RADIAZIONE DEL “MANIFESTO” DAL PCI

   di Franco Astengo

Quarant'anni fa, il 24-25 Novembre 1969, in conclusione di un ampio e complesso dibattito in corso ormai da molti mesi, il Comitato Centrale del PCI votava l'esclusione dal partito degli esponenti del gruppo che aveva dato vita alla rivista “Il Manifesto”: oggi il quotidiano che  ancora reca quell'insegna ha dedicato un inserto speciale alla ricorrenza, ricco di molti ed autorevoli punti di vista.

Purtuttavia mi è parso il caso di tentare una sintesi delle posizioni di allora per cercare di fornire un contributo di assoluta sintesi ad un dibattito su quelle vicende che, oggi nel momento in cui la sinistra comunista in Italia non opera più attivamente da tempo (almeno dal seminario di Arco, dell'autunno 1990) almeno in forma collettiva, potrebbe essere utilmente ripreso, almeno sul piano storiografico.

Il “Manifesto” nacque come un'iniziativa di frontiera: un tentativo di mettere in relazione la tradizione originale , in allora ancora vitale, del comunismo italiano con le esperienze e le culture del '68, che ebbero anch'esse, e non a caso, proprio in Italia una durata maggiore e coinvolsero, oltre a giovani e studenti, operai, intellettuali, pezzi di sindacato e di mondo cattolico.

Il tentativo è quello di mettere in evidenza una storia controfattuale, una potenzialità che pure esisteva nella sinistra italiana di anticipare e di dare carattere offensivo a quel radicale rinnovamento che i tempi richiedevano e che poi, invece, le è stato imposto dalla sconfitta, ed è avvenuta nel segno dell'abiura.

Il primo passo di ogni storia è fissare una periodizzazione: in questo caso è necessari risalire alle vicende della sinistra comunista negli anni'60.

In quella fase  si presentarono, per la prima volta, i problemi della crisi della rivoluzione d'Ottobre e della ristrutturazione della società occidentale.

Il Partito Comunista vi fu attraversato e vi si impegnò dimostrando grande vitalità.

Fu in quel periodo che, sia pure in forma minoritaria ma per lungo tempo non ghettizzata, si formarono le idee fondative del “Manifesto” e si avviarono anche esperienze pratiche che avevano inciso nel grande corpo del partito e nel movimento di massa.

Cercando di riassumere vanno posti in evidenza, sul piano delle idee, almeno tra filoni di ricerca.
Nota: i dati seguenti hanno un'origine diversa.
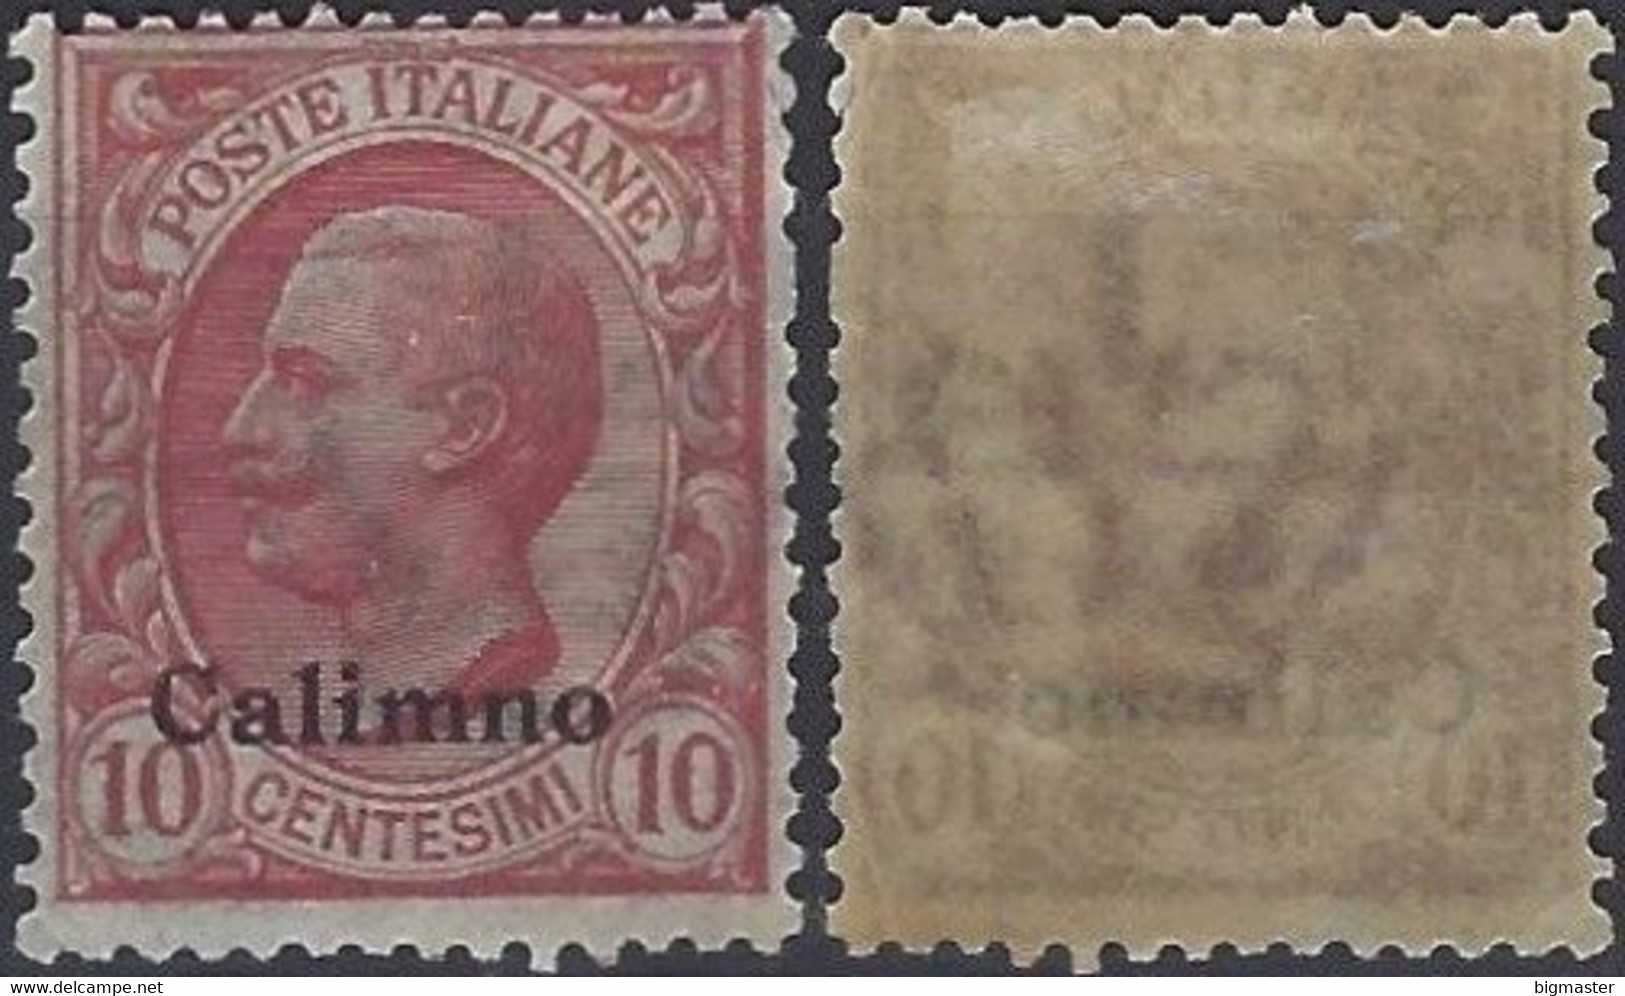 1912 Regno D'Italia IG 1912 IT-EG CA3 10c Italy Stamps Overprinted 'Calimno' New - Aegean (Calino)

Il primo riguardava una riflessione sulla rivoluzione d'Ottobre e sul suo approdo, niente affatto liquidatoria ma già consapevole della crisi di un modello di socialismo, come struttura sociale e non solo come istituzioni politiche, scettica sulle sue capacità di autoriforma (a differenza di Amendola e dello stesso Togliatti) e che, dunque, metteva l'accento sulla necessità di di riportare all'ordine del giorno il tema della rivoluzione occidentale nella sua radicale originalità e non come semplice sviluppo della “via italiana al socialismo”, né come incontro a mezza strada con la socialdemocrazia, in cui si vedeva lo stesso limite di economicismo  e di statalismo, con una critica di fondo al “socialismo” produttivista e statalista.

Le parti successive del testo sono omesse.